Hargreaves Lansdown posted record assets under administration and a big increase in net new business for the full-year.
The investment platform said that total assets under administration jumped by 16% to reach £155.3bn over the year ending on 30 June, while net new business flows increased by £4.2bn or 13% less than one year earlier.
That drove a 4% rise in revenues to £764.9m and a 4% increase in underlying profit before tax to £456m for underlying diluted earnings per share of 61.7p or 10% less than in the year before.
Consortium presents firm and final offer
Chief executive officer Dan Olley characterised the year as “eventful” for the company, which had culminated in a firm and final offer from a consortium of investors.
The board would recommend the offer to shareholders, he said.
“Success requires navigating a complex and broad programme of change and there is no doubt that delivery of benefits will not be linear, but we know what needs to be done and are determined to achieve it by delivering steadily and surely keeping our focus on our clients and meeting our medium to longer-term objectives,” Olley said.
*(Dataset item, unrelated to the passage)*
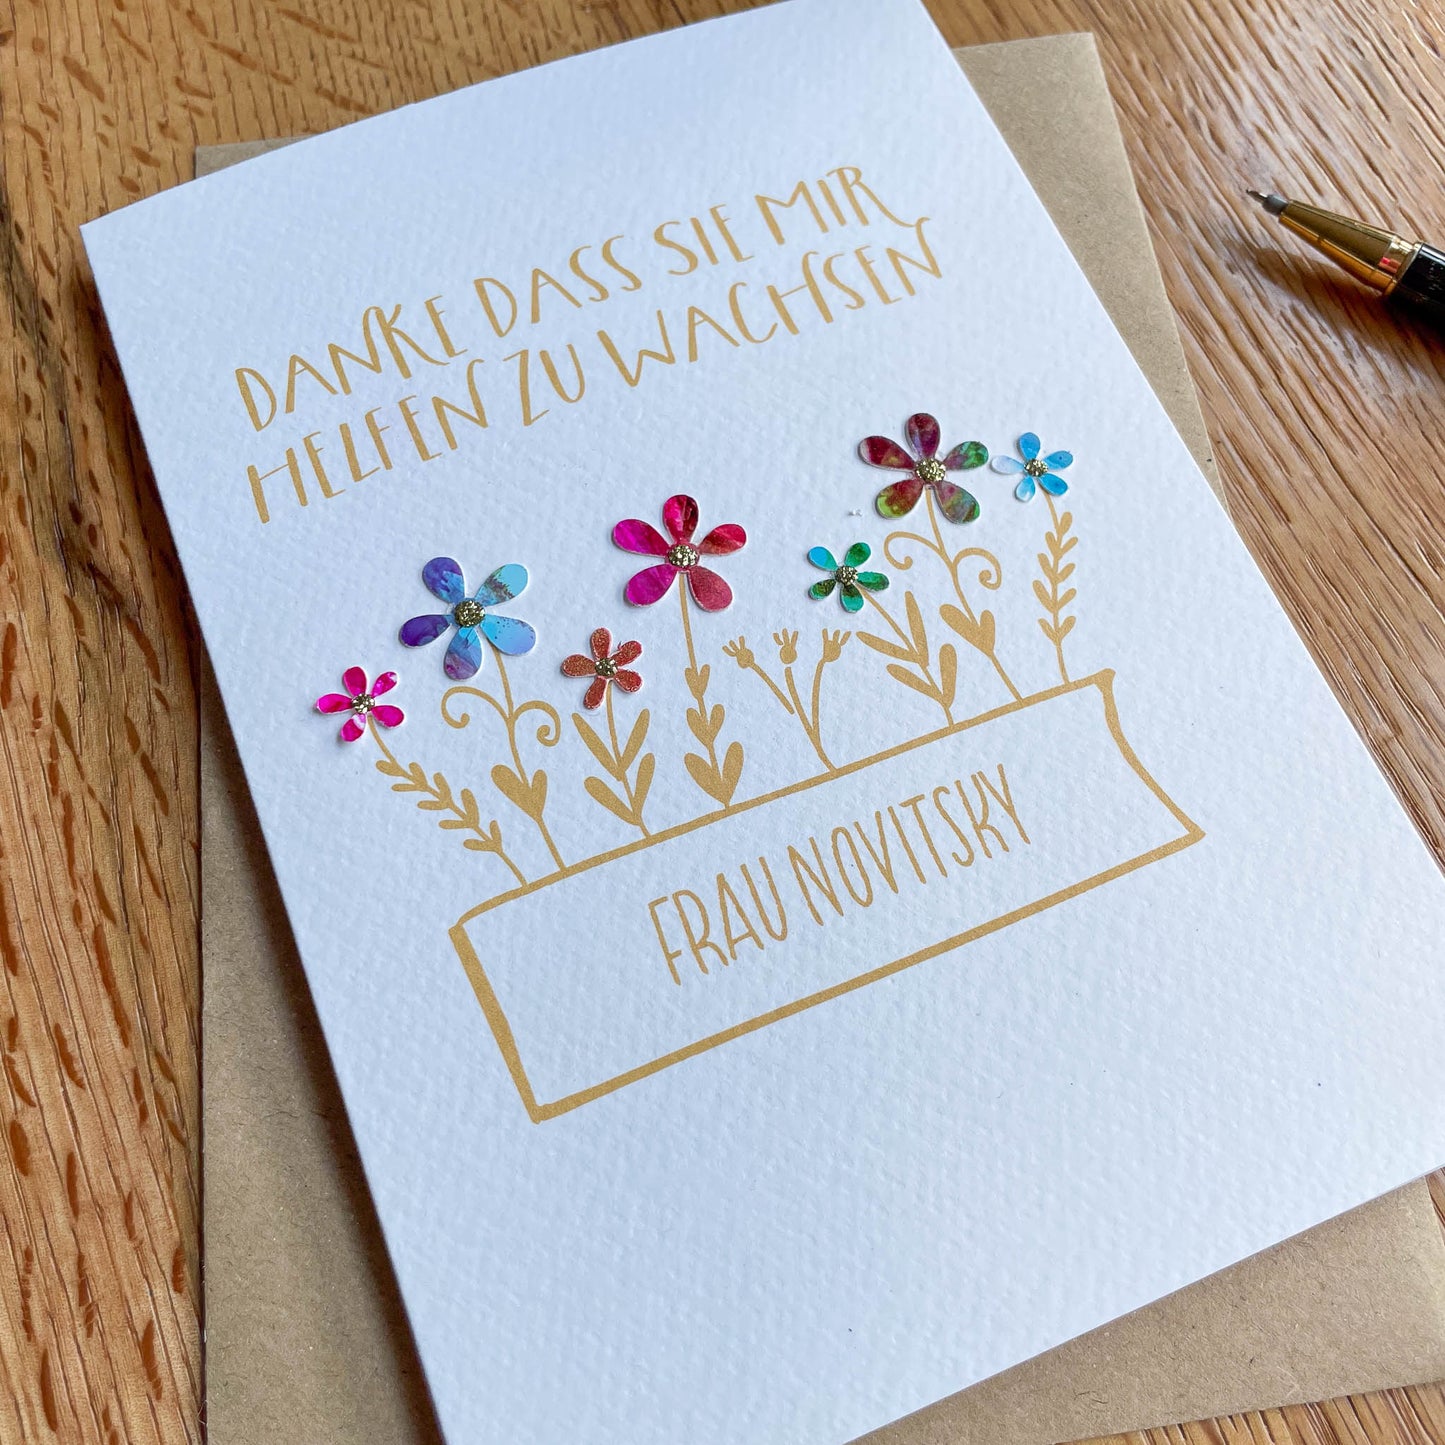 Personalised Teacher Appreciation Card "Thank you for helping me grow" in German

A consortium comprised of CVC Private equity funds, Nordic Capital XI Delta GP and Platinum Ivy tabled a final and firm offer for Hargreaves Lansdown on Friday for a cash consideration of 1,140p per share.
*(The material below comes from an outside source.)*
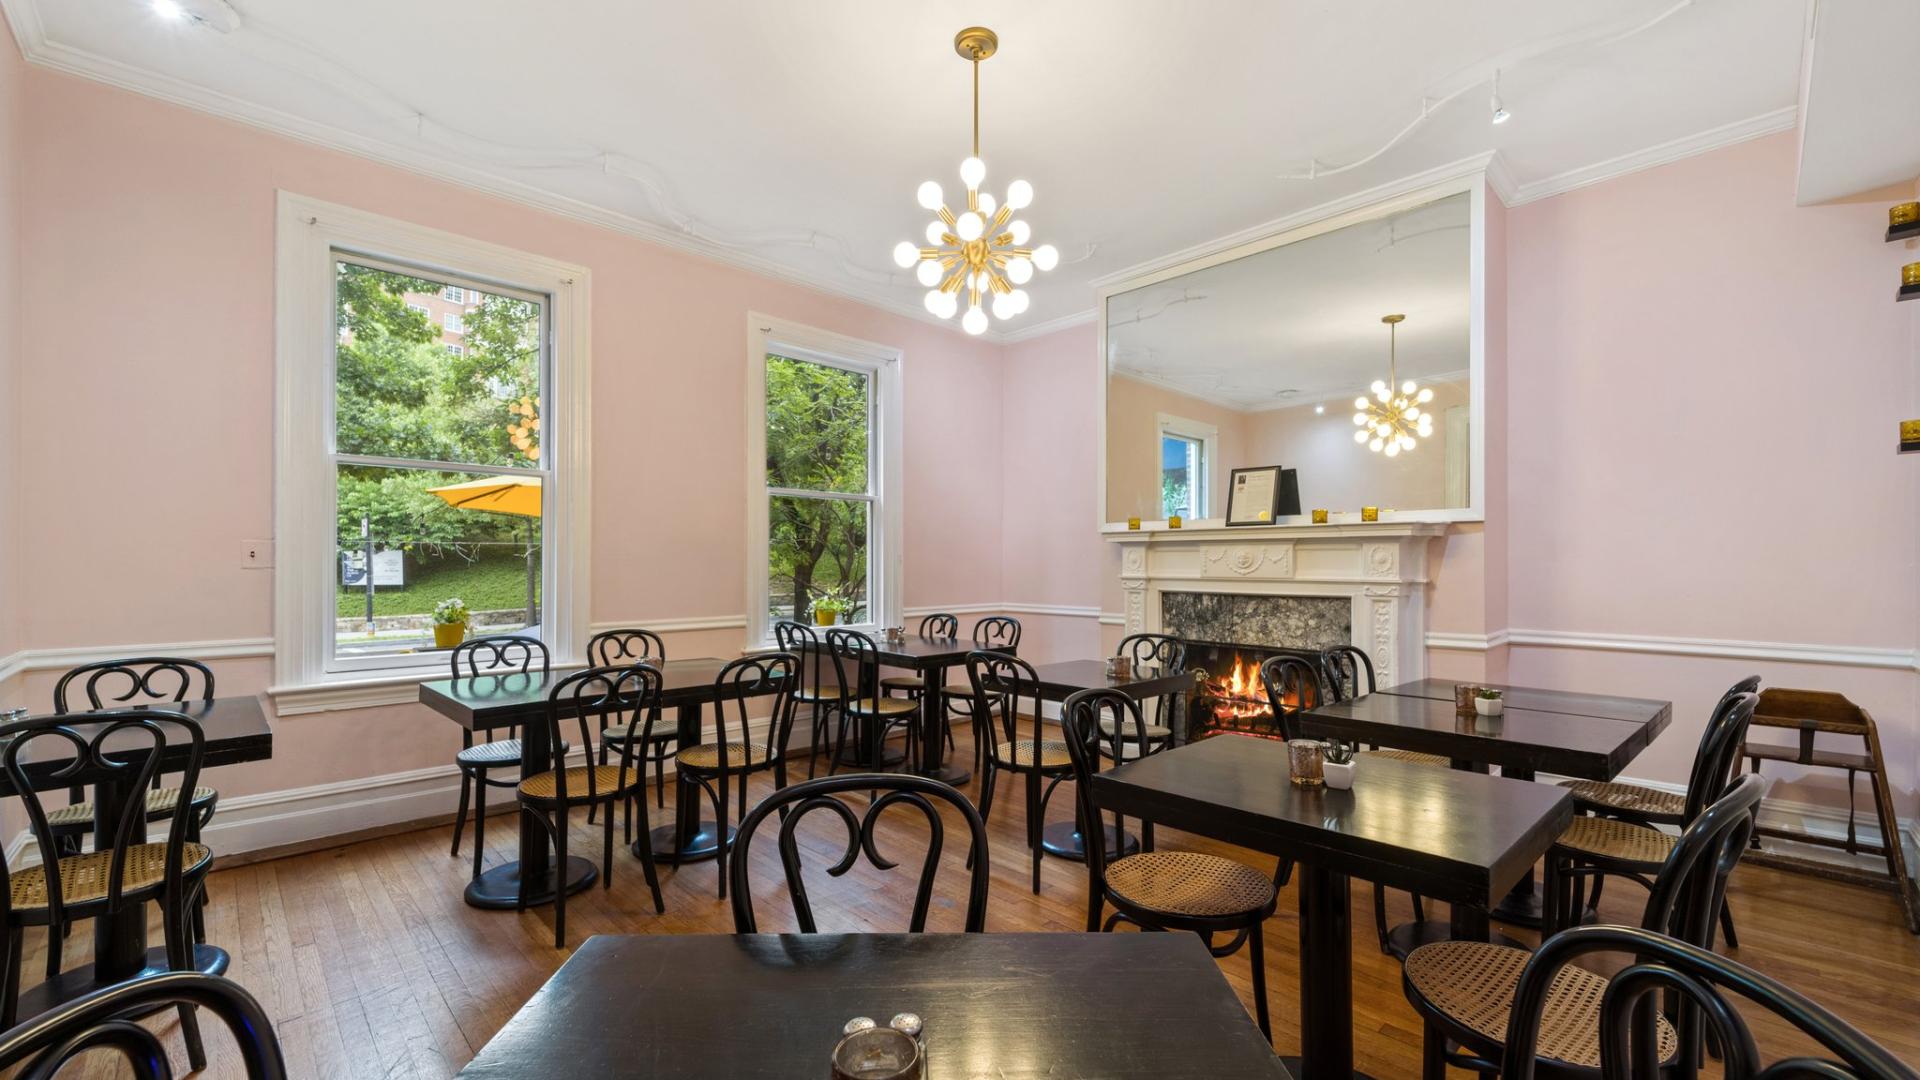 Cafe Venues for Rent in Washington, DC

That amount would be comprised of 1,110p per share of Hargreaves together with a 30p per share dividend for the full financial year.
The acquisition price valued the firm’s share capital at about £5.4bn, for a 54.1% premium to the share price on 11 April, the day before the initial buyout approach.
Hargreaves’s shareholders could also choose to take part in the alternative offer, which would see them eventually receive shares in the new company, instead of cash.
The terms of CVC and Capital XI’s offer were now final, unless a rival bid for Hargreaves Lansdown were to be announced.